In Fate/Stay Night, Kirei Kotomine is introduced as a priest ostensibly acting as the impartial overseer of the "Holy Grail War", a battle royale among 7 participating mages (a.k.a. "Masters") who have harnessed the power of supernatural entities called "Servants". Due to his experience as an elite assassin for the Church, Kirei is an expert practitioner in Chinese martial arts whose proficiency is magnified by his immense physical strength and numerous Command Seals. He ultimately emerges as one of the series' main antagonists upon revealing he has been manipulating the competing Masters into supplying the Grail with enough energy to unleash Angra Mainyu upon the world.

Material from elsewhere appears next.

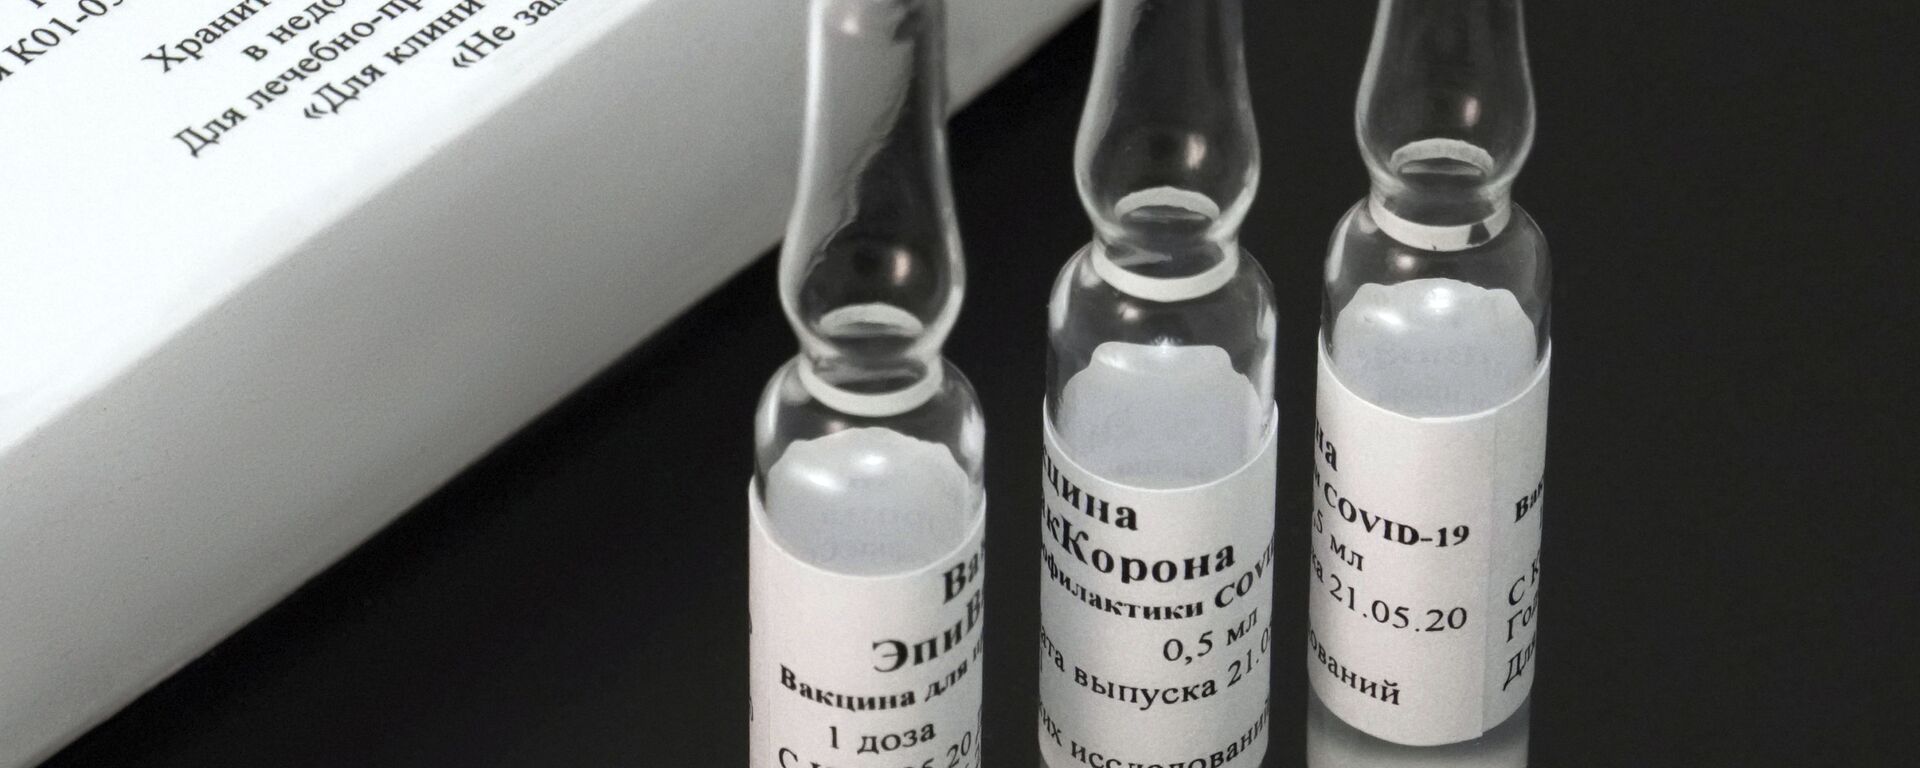 EpiVacCorona, vacuna rusa - Sputnik Mundo, 1920, 15.02.2021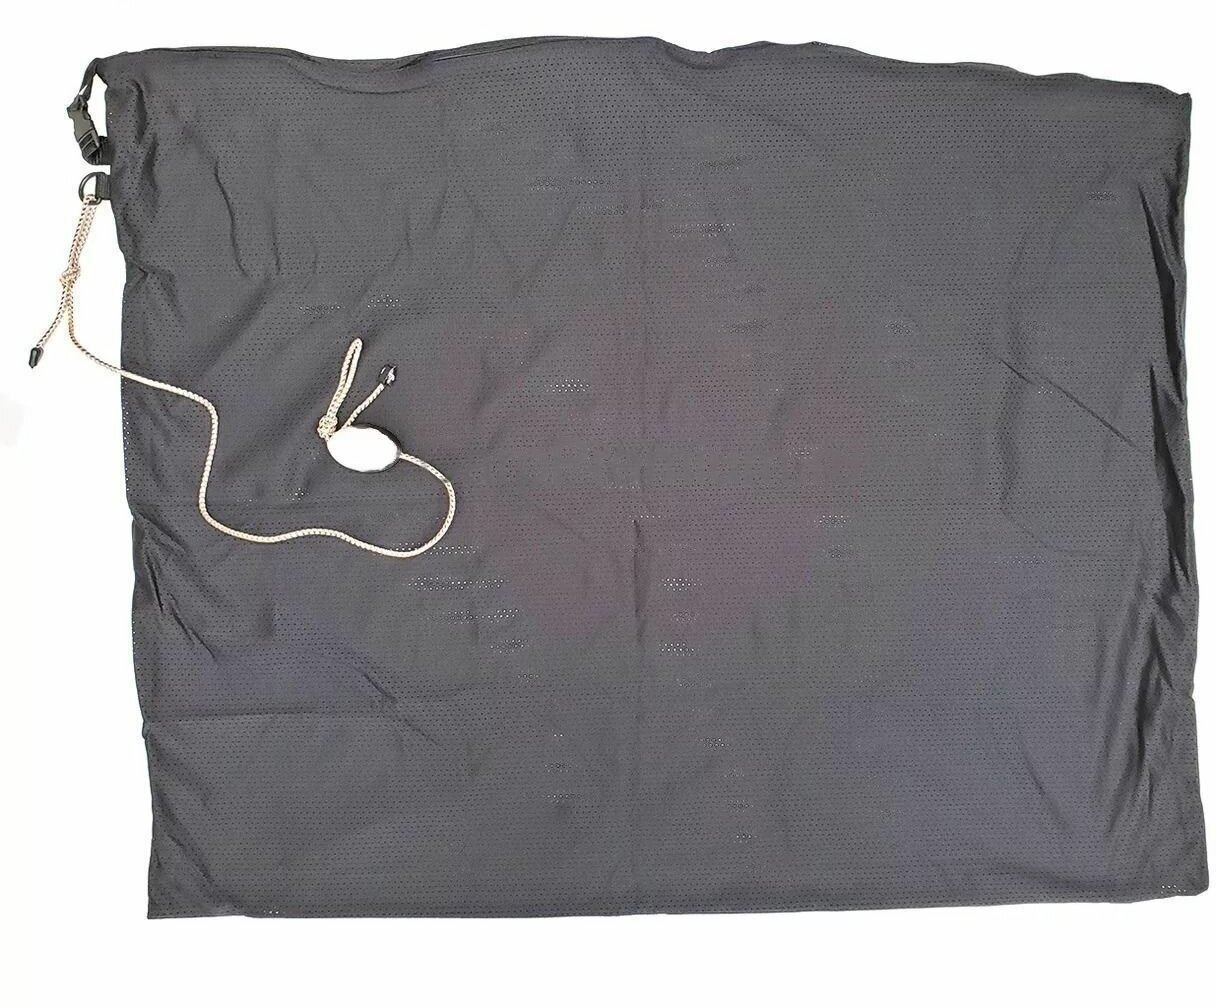 Карповый мешок для рыбы 100 х 75 см на молнии с поплавком Carp Bag - Black Zipper 1 шт

At the time of his birth, Kirei Kotomine possessed Magical Circuits despite being of non-magus descent. While possessing a strong moral compass, Kirei discovered early in his youth that he could only experience joy through others' suffering. During the events of Fate/Zero, Kirei apprenticed himself to Tokiomi Tōsaka at his father's behest in order to secretly serve as his spy and ally against the other Masters in the Fourth Holy Grail War based in Fuyuki. Over the course of the war, he became obsessed with another Master, Kiritsugu Emiya, whom he grew to despise for taking his own humanity for granted and consciously suppressing it in pursuit of lofty ideals. After murdering Tokiomi and forming a contract with his "Archer" Servant, Gilgamesh, Kirei resolved to destroy not only Kiritsugu but the dream he had dedicated his life to as well. In a climactic duel to the death, Kiritsugu ultimately defeated the vengeful priest, leaving him fatally wounded. Nevertheless, Kirei was able to make a wish upon the cursed Grail that resulted in much of Fuyuki's destruction. Upon being revived by the Grail, Kirei committed his entire existence to releasing the dark entity within it (i.e. Angra Mainyu).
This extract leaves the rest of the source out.